The ten-year deal, led by WestLB, is a product of the recent upheavals at El Paso (for more details search 'El Paso' on www.projectfinancemagazine.com). Its terms have, paradoxically, benefited from the fall-out at the company. But El Paso is still one of the strongest and most able pipeline operators in the business, particularly in Mexico, and also, through its former master limited partnership GulfTerra, offshore.

Cheyenne Plains is a 380-mile pipeline that has been operational since 31 January 2005. It takes natural gas from collection points in Cheyenne, Wyoming to distribution networks in Greenburg, Kansas. The 36-inch pipeline will connect with Colorado Interstate Gas and Wyoming Interstate, both El Paso subsidiaries.

It will bring gas from deposits in the Rockies to markets in the Midwest, although it connects with hubs in Kansas that will send gas in several directions. The pipeline is regulated, and falls under the jurisdiction of the Federal Energy Regulatory Commission (FERC).

El Paso first announced plans for a pipeline in May 2003, when it submitted an application to FERC for a 30-inch pipeline with a 560,000 Dekatherm per day (Dthpd) capacity. The pipeline was set to be in service in the middle of 2005, and shortly after submitting the application, El Paso commenced an open season for prospective shippers on the pipeline.

This process proved to be successful enough for El Paso to announce later in the year that it would be making the project bigger. On 22 September, it said that it would increase the diameter of the pipe to 36 inches, and thus the capacity of the pipeline to 730,000 Dthpd.

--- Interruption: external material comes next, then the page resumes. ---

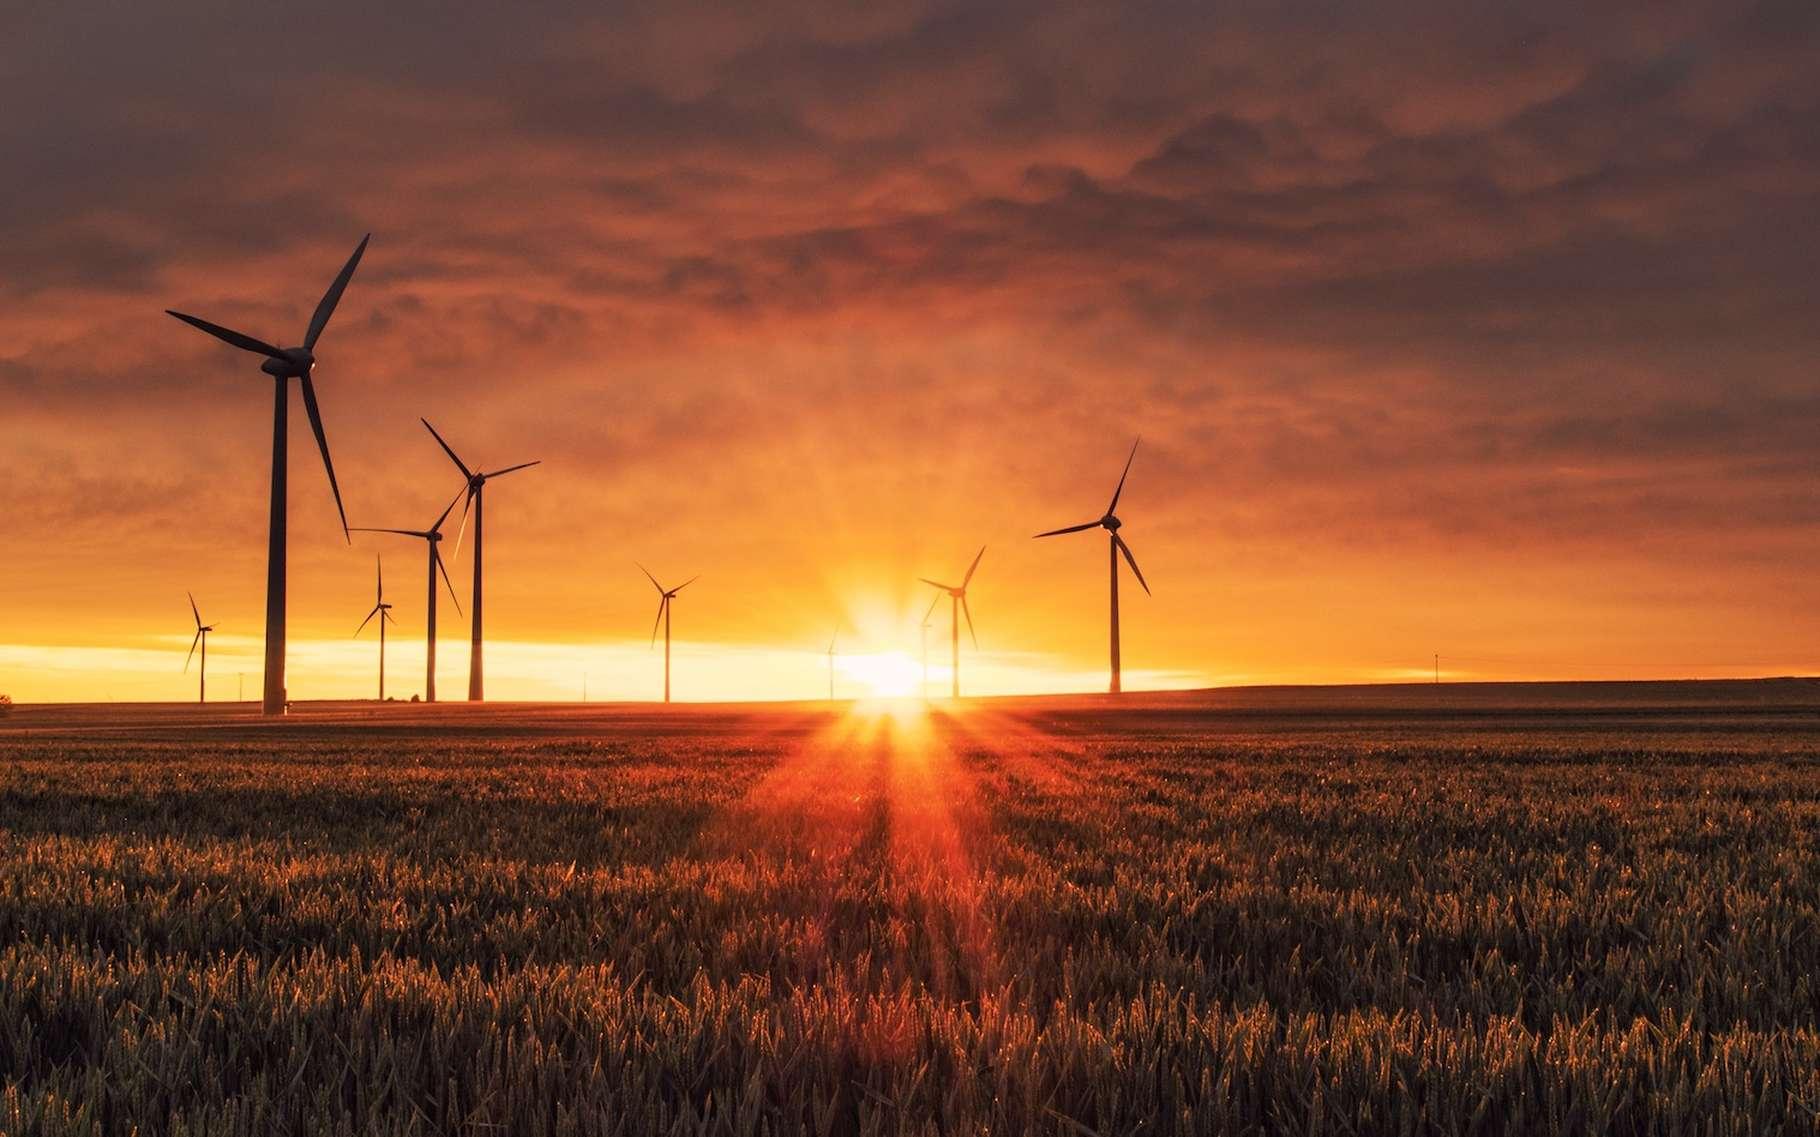 Depuis le 1er janvier 2017 — et avec un an d'avance sur la feuille de route établie en 2015 — les trains hollandais sont exclusivement alimentés par une électricité d'origine éolienne. © Karsten Würth, Unsplash, CC0 Domaine public

The original financing featured firm contracts with lengths of 10 years or longer from 14 shippers and has additional 10-year commitments in support of the expansion. Among the shippers listed in the pipeline company's informational filings are Anadarko, Atmos, BP, Bill Barrett, ConocoPhillips, Kennedy Oil, Kerr-McGee, Noble Energy and ONEOK.

The increase in capacity required a modified FERC submission, and increased the cost of the pipeline from $336 million to $435 million. The sponsor made this decision just as it received a preliminary approval for the pipeline, but had to go back and modify the submission, a time-consuming process.

The background to the initial pipeline planning, and the decision in late 2003 to go for a project financing, was the restructuring that El Paso launched in the wake of Enron's bankruptcy. This involved the sale of merchant assets, the restructuring of structured finance vehicles and a return to El Paso's core pipeline capacities. As such, the Cheyenne plains financing was unlikely to be a casualty.

And so, in February, El Paso mandated WestLB to provide a min-perm debt facility to finance construction of the project, and the arranger launched a limited syndication. The deal, with a five-year maturity and $278 million in size, received commitments from a small number of banks.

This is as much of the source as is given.